I would like a hail script that reads in the individual chromosomal matrix tables into one larger matrix table for ld pruning and running pc_relate. I tried using the wild card chr* but get an error. Is there a way to read in multiple matrix tables.
mt_fn=’/project/adgc/imp.topmed_adsp5k/mt/adgc.aa.imp30r2.topmed_adsp5k.chr*.mt’
mt=hl.read_matrix_table(mt_fn)
Hail version: 0.2.19-c6ec8b76eb26
Error summary: HailException: MatrixTable and Table files are directories; path ‘/project/adgc/imp.topmed_adsp5k/mt/adgc.aa.imp30r2.topmed_adsp5k.chr*.mt’ is not a directory
this is intentional; a MatrixTable is already a composite object, so it shouldn’t be a common use case to glob them.

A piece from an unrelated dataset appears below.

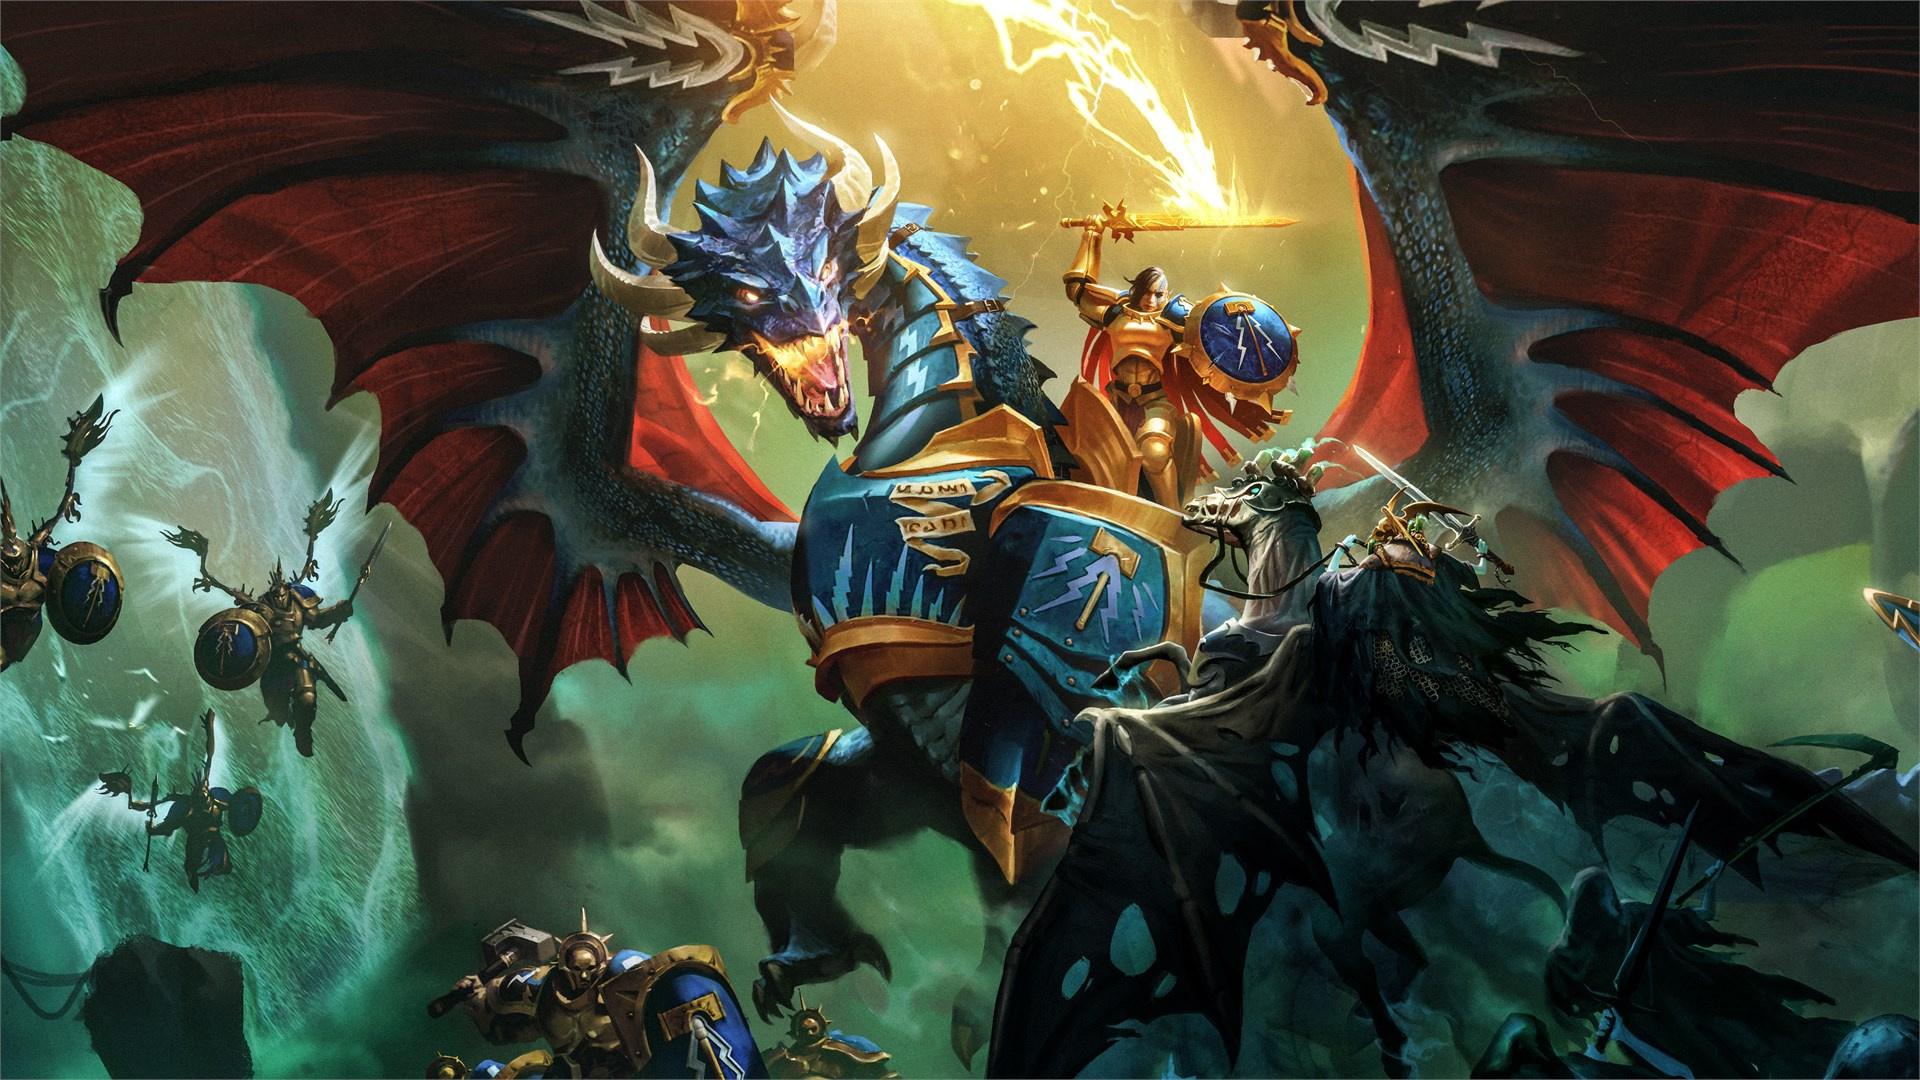 Пошаговая стратегия Warhammer Age of Sigmar: Storm Ground выйдет27 мая

You can just iterate in Python. First, let’s define a helper function that makes a nested union N log N, not quadratic (see here for more info):
def union_cols_all(mts):
mts = mts[:]
iteration = 0
while (len(mts) > 1):
iteration += 1
print(f'iteration {iteration}')
tmp = []
for i in range(0, len(mts), 2):
tmp.append(mts[i].union_cols(mts[i+1]))
mts = tmp[:]
return mts[0]
And then read and union in Python:
files = [f'/path/to/chr{chrom}' for chrom in list(range(23)) + ['X', 'Y']]
mt = union_cols_all([hl.read_matrix_table(file) for file in files])